Handling of fluids is essential for a majority of applications involving liquid phase reactions in chemistry, biology, and biomedicine. In contrast to manual pipetting in conventional small workshops, automated liquid handling techniques have brought unrivaled accuracy, precision, speed, and repeatability to modern biomedical researches and pharmaceutical industries. Despite their benefits, most advanced liquid handling techniques (e.g., microfluidics and micro-plates) lack fluidic rewritability due to surface-adsorption-induced contaminations on solid-liquid interfaces, limiting their capability of performing complex cascade reactions or high-content combinatorial screening on reusable fluid carriers. To date, the lack of fluidic rewritability still remains as a challenge for engineering scientists to achieve the automated processing of ‘fluidic bits’ in a manner similar to ‘electronic bits’ within a miniature chip. In this work, we approach the fluidic rewritability by contactlessly manipulating aqueous droplets floating on a dense, immiscible carrier fluid layer using acoustic-streaming-induced hydrodynamic gradients. The presented acoustic streaming-based liquid handling (i.e., digital acoustofluidics) devices can be categorized into three versions. (1) The first version of digital acoustofluidic devices actuate floating droplets and small objects by actively propelling them along a straight path following the horizontal direction of acoustic wave propagation. (2) In contrast, the second version employs acousto-hydrodynamic potential traps on the surface of the carrier fluid layer to attract and capture the floating droplets at the equilibrium position of the triggered butterfly-shaped streaming pattern.
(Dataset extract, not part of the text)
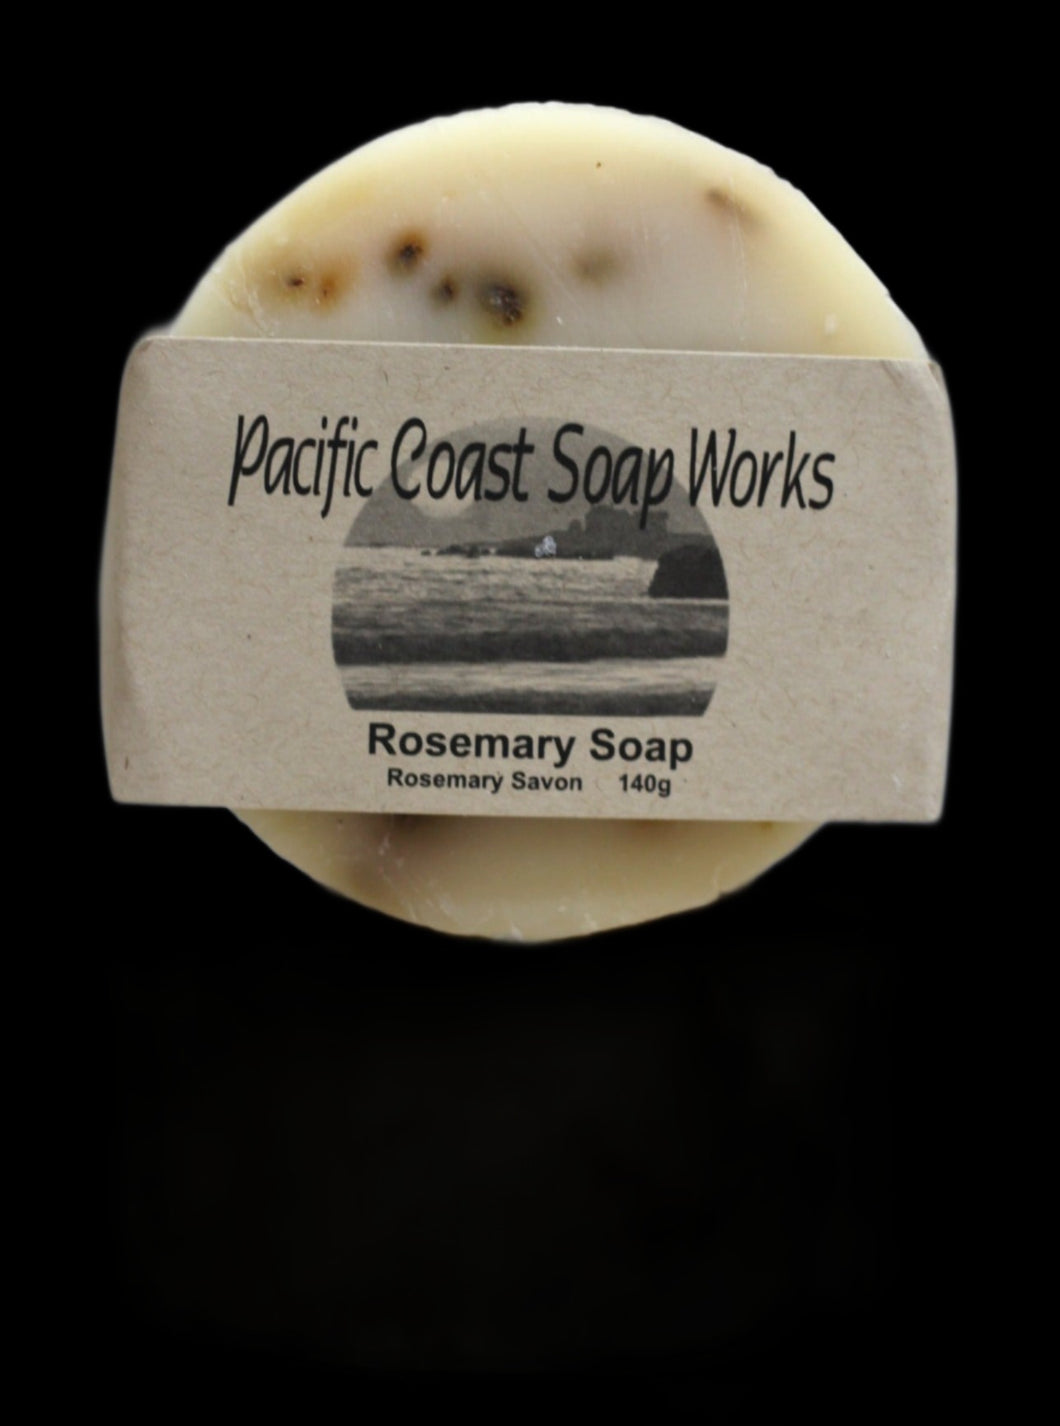 rosemary soap bar. handcrafted soap. handmade soap vancouver. soap works

By selectively exciting the immersed interdigital transducers and sequentially triggering the localized acousto-hydrodynamic traps, the floating droplets can be transported, merged, mixed, split, and generated in a contact-free and programmable manner. (3) The third version of digital acoustofluidic devices is built upon the second version by integrating additional channel-shaped acoustic streaming vortices under high-amplitude excitations, enabling dual-mode manipulation using a single unit transducer. Furthermore, based on the scalable feature of the channel-shaped acoustic streaming vortices, fundamental droplet logic control can be achieved without solid-liquid interactions.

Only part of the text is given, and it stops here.